Governor Gavin Newsom signed into law Saturday a bill to require the state to house transgender inmates in prisons based on their gender identity.
Senate Bill 132, authored by Senator Scott Wiener (D-San Francisco) would specifically have the California Department of Corrections and Rehabilitation (CDCR) ask every incoming prisoner in private if they identify themselves as transgender, nonbinary, or intersex and what gender pronouns they would prefer. The prisoner would then be searched according to the search policy of their gender identity and would allow them to request to be housed in either a men’s facility or women’s facility based on how they identify themselves.
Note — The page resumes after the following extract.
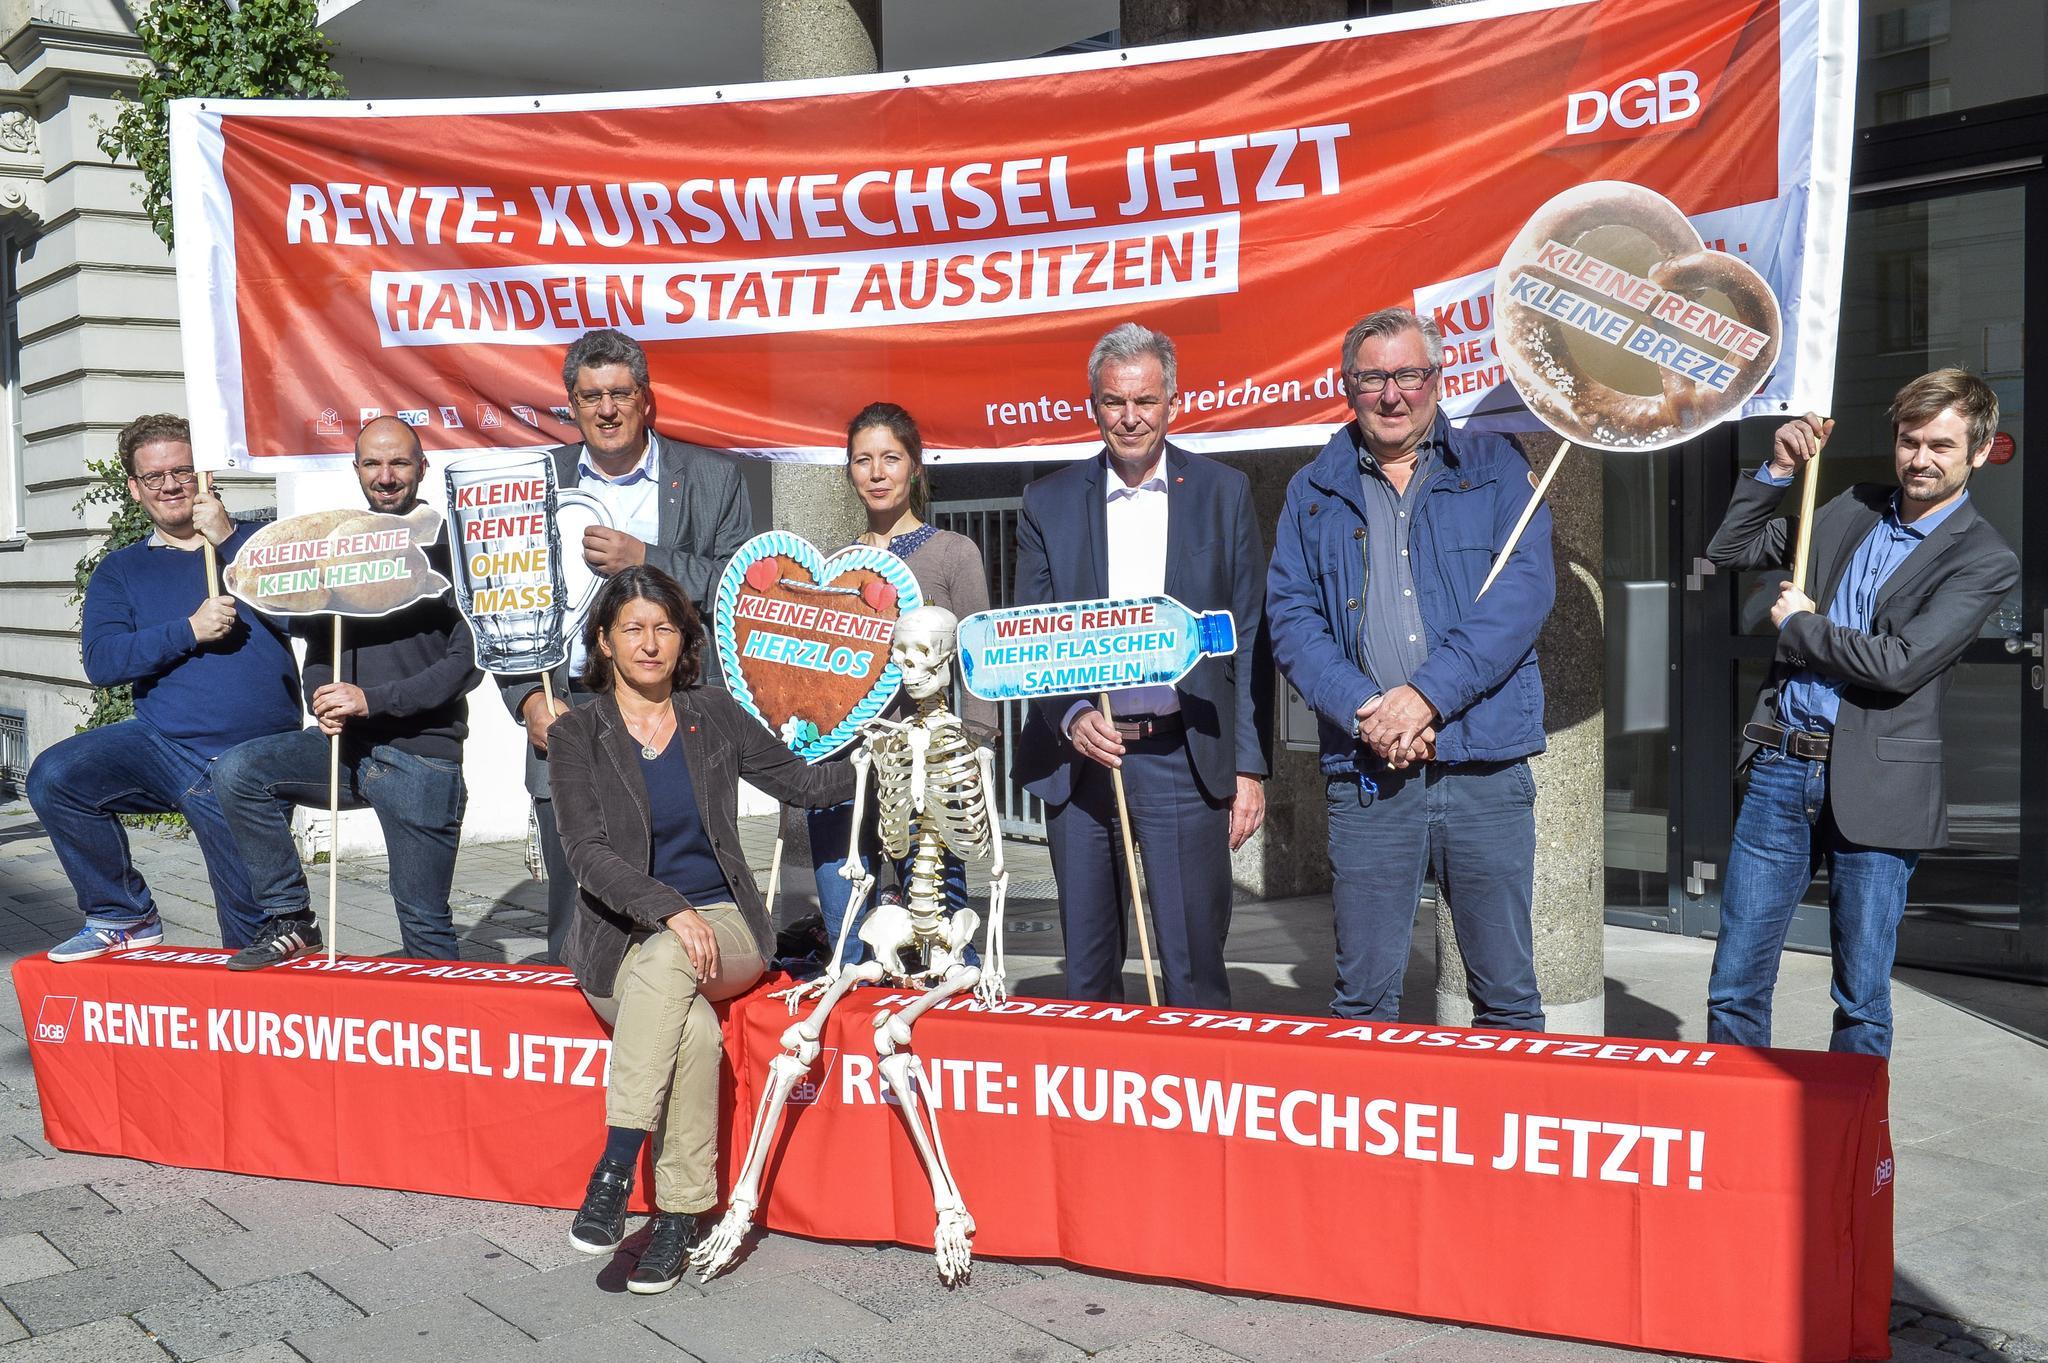 Jena und Di Pasquale bei der Aktion vor dem Gewerkschaftshaus München

Requests cannot be denied solely because of anatomy or sexual orientation.
SB 132 will also prohibit prison staff from calling prisoners by an unwanted gender pronoun.
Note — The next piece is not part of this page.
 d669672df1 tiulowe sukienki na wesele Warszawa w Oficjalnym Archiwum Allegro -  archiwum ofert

The bill would also prohibit any punishment for prisoners who refuse to answer the question and also prohibit prison staff from not using the correct gender pronoun for prisoners who have identified themselves as a specific gender. The CDCR could also deny the prison request over “management or security concerns,” but would have to give a statement as to why it was being denied and also have the inmate have a chance to appeal the decision.
Senator Wiener wrote SB 132 last year as a way to change the current process for incarcerating transgender prisoners. The CDCR currently incarcerates prisoners based on their gender at birth and doesn’t always separate prisoners who transitioned genders, potentially endangering those individuals who transitioned yet were not sent to a prison that reflected their current gender.
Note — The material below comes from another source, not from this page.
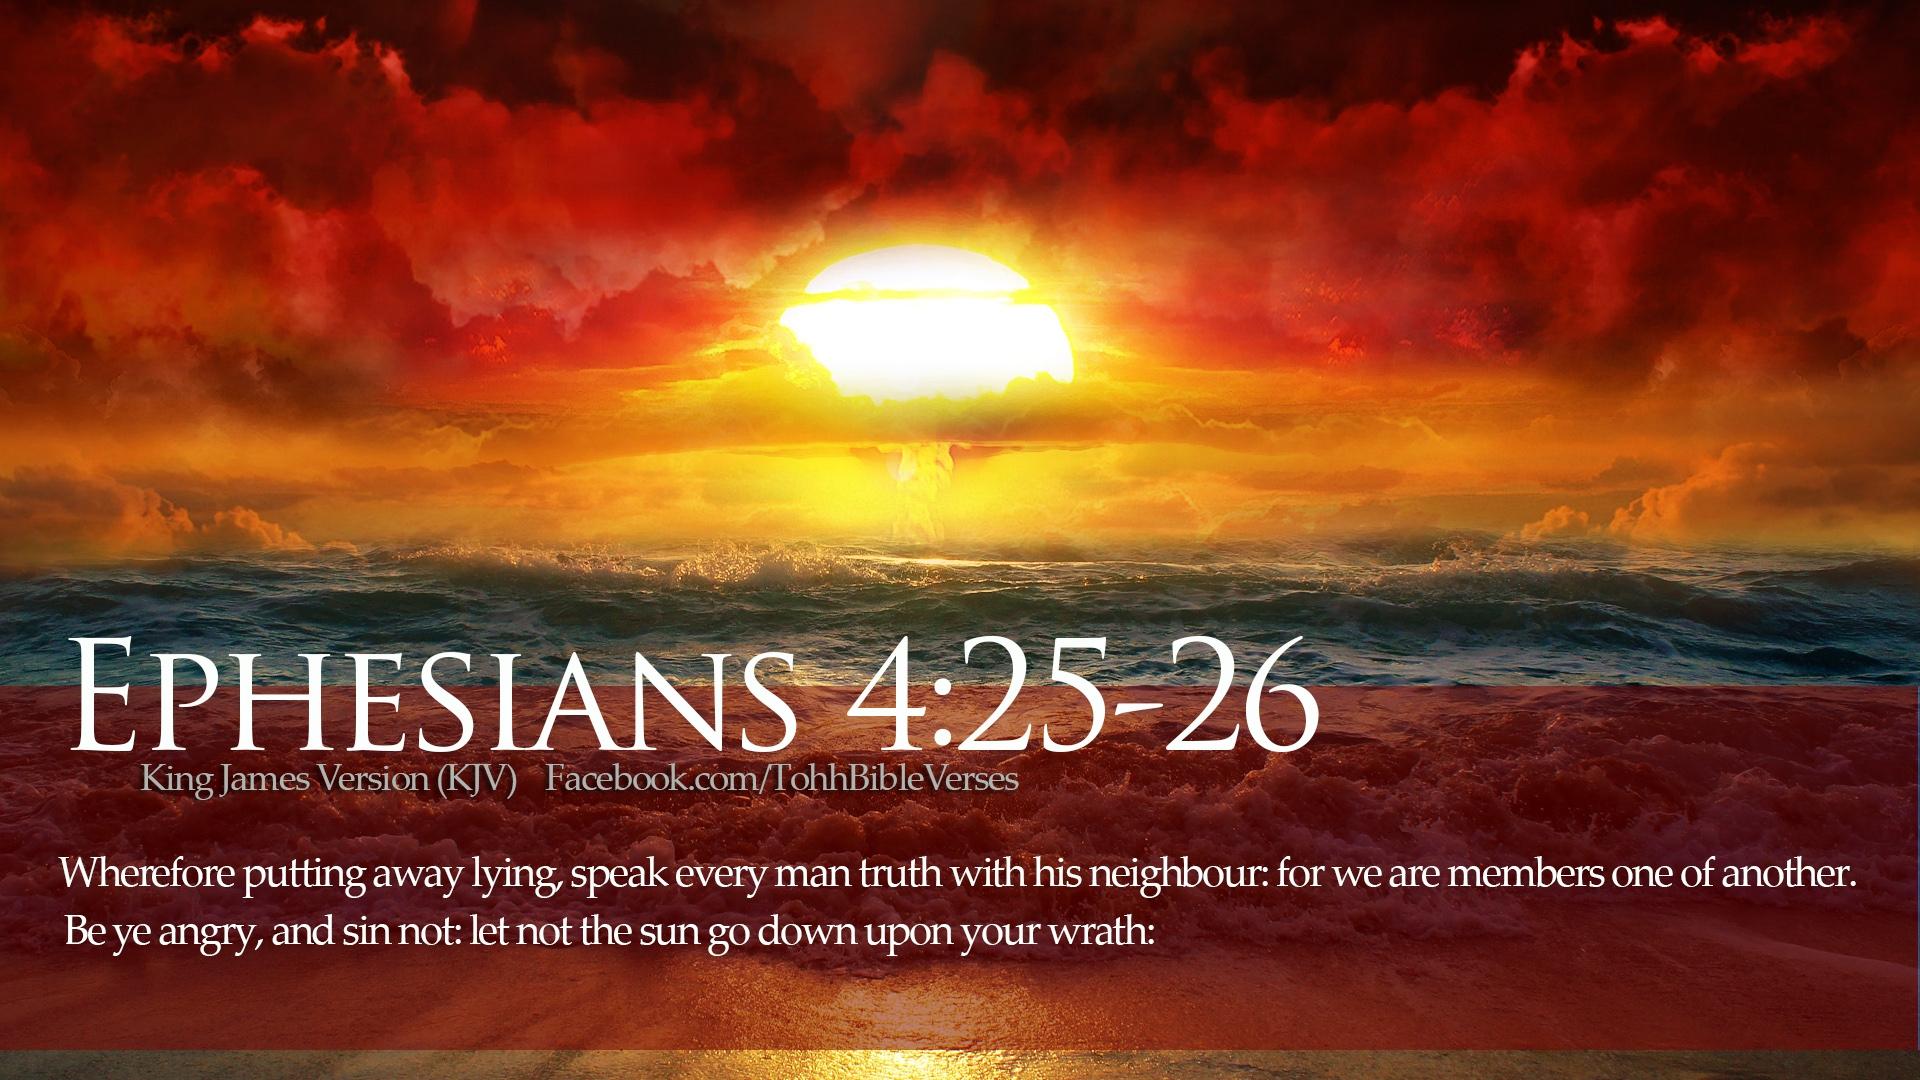 poster bible verses e wallpaper 1920x1080 194671 WallpaperUP 1920x1080

“It’s just a false narrative about transgender people and about transgender women in particular that they’re somehow not really women and are just trying to scam their way into women’s bathrooms or facilities in order to do bad things,” explained Senator Wiener earlier this month. “Overwhelmingly the people who are being victimized are trans people.”
“SB 132 is life-saving legislation that will protect trans people in prison, particularly trans women who are subject to high levels of assault and harassment in men’s facilities,” Senator Wiener added on Sunday.
“Transgender people should not be forced into isolation because they aren’t protected where they are forced to live. They should be able live by their gender, and SB 132 will allow for that outcome.”
Prisoner violence protection, stringent screening processes
While the signing was celebrated by prison reform and transgender advocates, others, such as prison experts, have said that the new law makes sense.
“Like this or not, we now live in a world with more and more people undergoing gender reassignment,” prison consultant Richard Battel told the Globe. “And we would have needed a new law at some point to help clarify things and assign people like this.”
“It’s not a matter of prisoners having their feelings hurt for being called a “he” instead of a “she.” This is about violence, real violence, happening against prisoners solely because of their gender choice. There have been cases of transitioned males into females, complete with new sexual organs, being raped in prison. That goes against safety, health, and wellness, as well as being inherently wrong to do.”
“And under this new law, there will be a screening process. It says you can’t just use existing sexual organs for a placement or transfer decision, but you can sure as hell use their prior histories and other evidence. If someone who has been charged with assault and rape before but is also now identifying as a woman to get placed in a woman’s prison, they aren’t just going to allow that. They’ll see those felonies and keep them in the men’s prison as they’ll deem them a danger to female prisoners.”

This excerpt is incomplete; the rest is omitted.